Clustered Heatmap with Dendrogram

Hierarchical clustering heatmap from CENH3 analysis showing pairwise sequence similarities. Dendrograms on the top and left show the clustering tree structure. The color scale represents percent identity (yellow = high similarity, purple = low similarity). Sequences naturally cluster into CENH3 variant groups.

Interpretation:

Yellow blocks: Groups of highly similar CENH3 sequences (same variant/species)
Purple regions: Divergent sequences or between-group comparisons
Dendrogram structure: Branch lengths indicate evolutionary/sequence distance
Natural clusters: Visual identification of CENH3 functional groups

Dendrogram with Group Cutoff

Hierarchical clustering dendrogram from CENH3 analysis showing sequence relationships.
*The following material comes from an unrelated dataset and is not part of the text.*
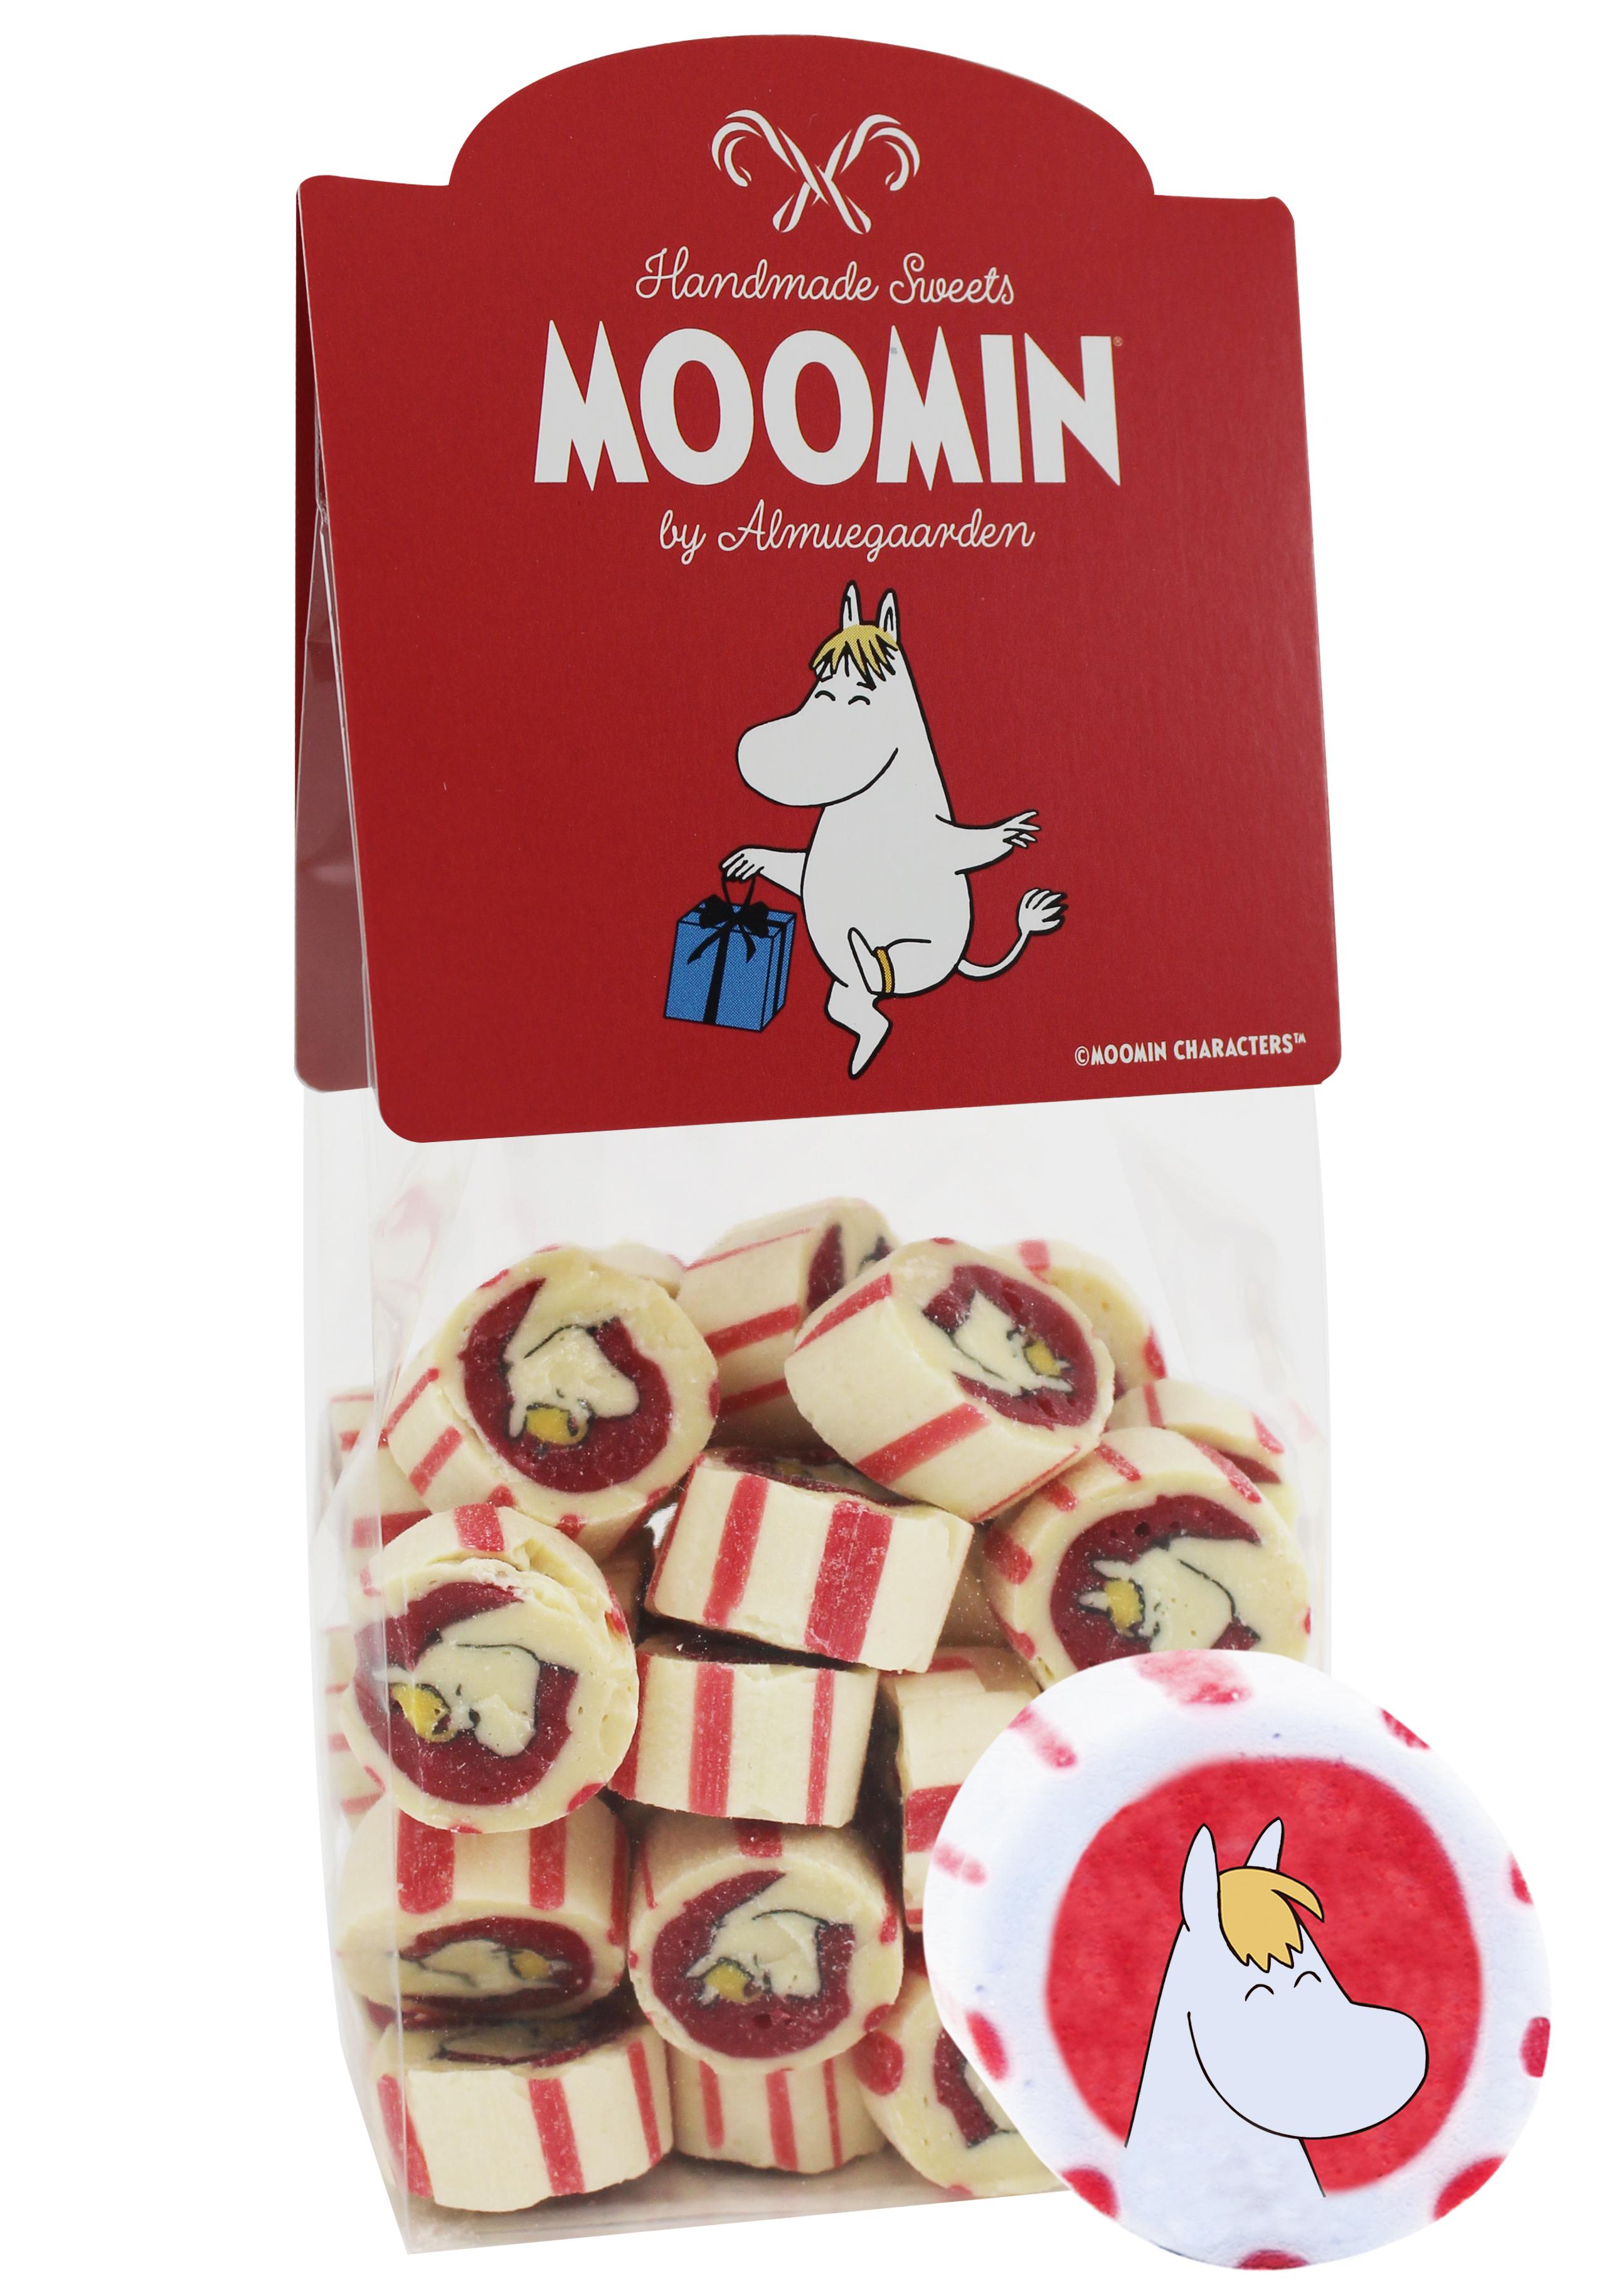 MOOMIN by Almuegaarden - Snorkmaiden Sweets

The red dashed line indicates the identity cutoff used for group assignment. The top axis shows percent identity, bottom axis shows distance (1 - identity/100). Sequences clustering below the cutoff line belong to the same functional group.

Interpretation:

Clusters below cutoff: CENH3 sequences in the same variant group
Branch colors: Different colors after cutoff indicate different CENH3 variants
Branch lengths: Longer branches = greater sequence divergence between variants
Dual axes: View as either distance or percent identity
Cutoff selection: Red line shows the threshold determining group boundaries

Methodology

GroupSim Score Formula

For each alignment position i, GroupSim calculates:

Score(i) = Conservation_weight × (Mean_within - Mean_between)

Where:

Mean_within: Average pairwise similarity within each group
Mean_between: Average pairwise similarity between groups
Conservation_weight: (1 - gap_fraction) to downweight gappy positions

High positive scores indicate positions that are:

Conserved within each functional group
Different between functional groups
Not dominated by gaps

Conservation Window Heuristic

To account for local conservation context:

Final_score(i) = λ × Raw_score(i) + (1-λ) × Window_conservation(i)

Where:

Window_conservation: Jensen-Shannon divergence averaged over neighboring positions
λ (lambda): Weight parameter (default=0.7) balancing raw score vs. context

Z-score Normalization

For identifying significant SDPs:

Z(i) = (Score(i) - μ) / σ

Positions with Z > 2.0 are typically considered significant specificity-determining positions.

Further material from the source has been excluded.